Open Source Echo

Just a heads up that Chris Lord from the Vaani team reimplemented the Amazon Echo using open source libraries and node.js.

His project is compatible with the skills API and as such can be used as a drop-in replacement of the Echo. He wrote in details about his project at http://chrislord.net/index.php/2016/06/01/open-source-speech-recognition/ and the code is available from https://gitlab.com/Cwiiis/ferris

His project works offline (except of course if a skill needs an internet connection).

If Echo skills are so easily to reimplement, why not add them to Project Link and benefit from a free and rich ecosystem from day 1?

Any thoughts?

What I really like about Cwiiis’s project is that it shows what we can expect from pocketsphinx for the offline voice recognition when we feed it a limited grammar. That is very encouraging.

However I’m not sure how that would give us access to the Echo ecosystem directly. People writing skills would still have to register them with Link (how?), and they run these services on any cloud platform of their choice or AWS lambda, which is not ideal from a privacy point of view. Even if the skill acts as an intermediary to present data from eg. a weather service, I would rather have the voice + the code talking to the weather service on the foxbox instead of having just the voice on the box, and everything else in the cloud. Am I missing something?

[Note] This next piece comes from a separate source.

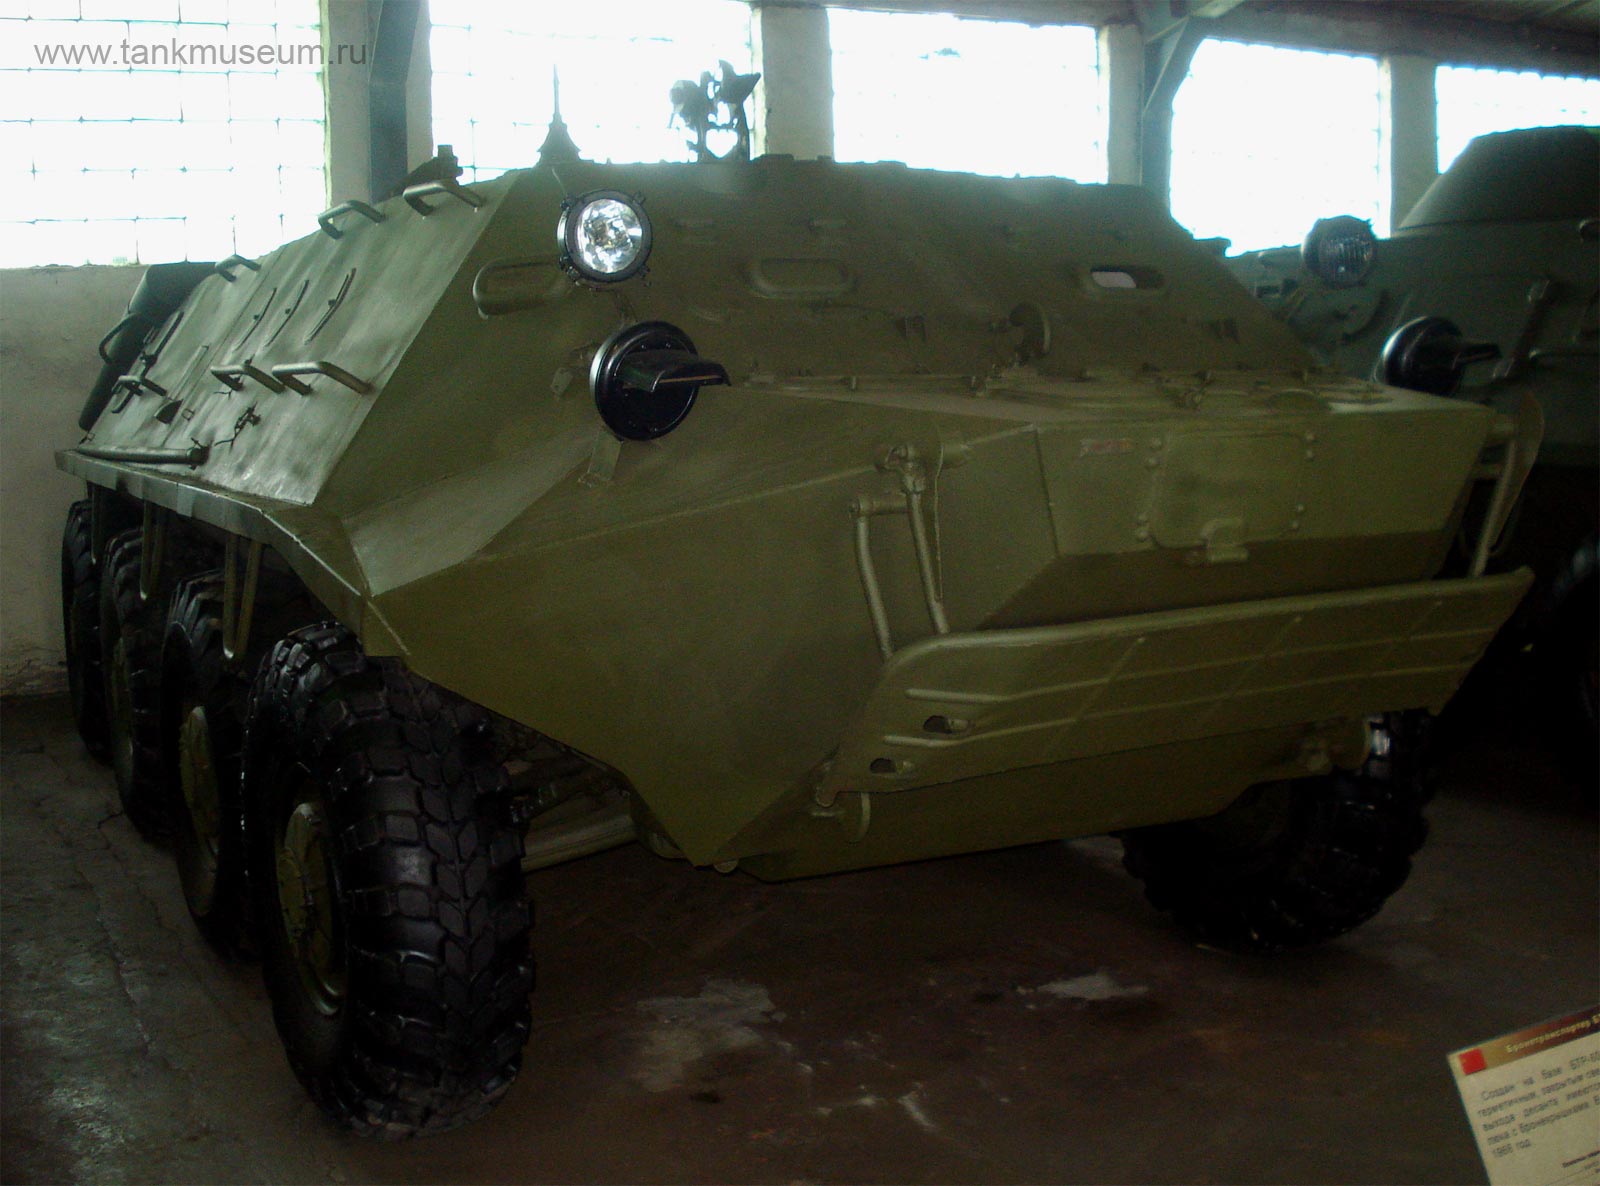 Kubinka tank museum Armored personnel carrier BTR-60PA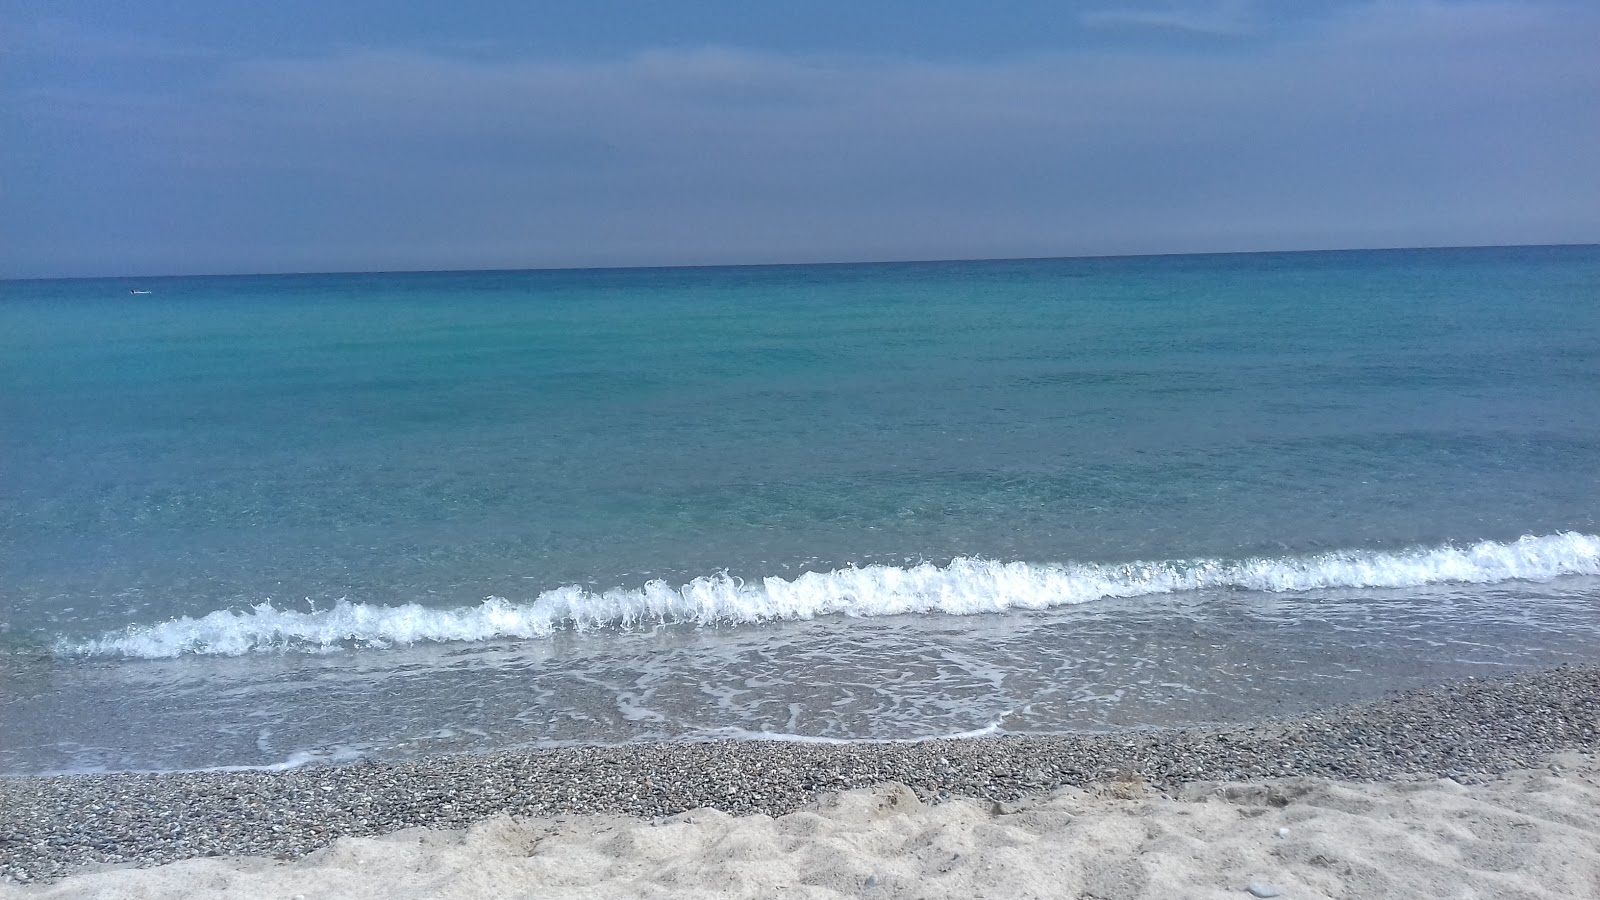 Photo of Simeri Mare - Sena II with long straight shore

So what about running the skills in the foxbox service workers?
We discussed that in the early stage of the project where service workers would run in the box. We could have the code for the skills to run in workers to which we can post messages when we receive a command.
This would force the skills source code to be open source and hackable by default. Think of it as add-ons for project Link. Doing so encourages an ecosystem and a community of developers to add new features.

But then of course we need to solve the registration issue, but I can’t really see any difficulties here.

So that’s the other major difference between Ferris and Echo that I should probably stick in the README - this runs skills locally, there’s no cloud involvement. Of course, it means the skill needs to work outside of AWS (or use some kind of AWS shim script), but most of the 3rd party skills I’ve come across so far don’t actually require AWS at all.

You’re right in that it doesn’t provide access to the Echo ecosystem directly, but it does provide (possibly) a quick way for people with Echo skills to deploy elsewhere with little to no work.

Running the skills as js workers is the way to go, yes! Which means that they will be setup by a simple webapp provided by the skill’s author.
We need to have a way to trigger them, likely with some “skill adapter” that will listen to the voice input and trigger notifications when it detects a skill.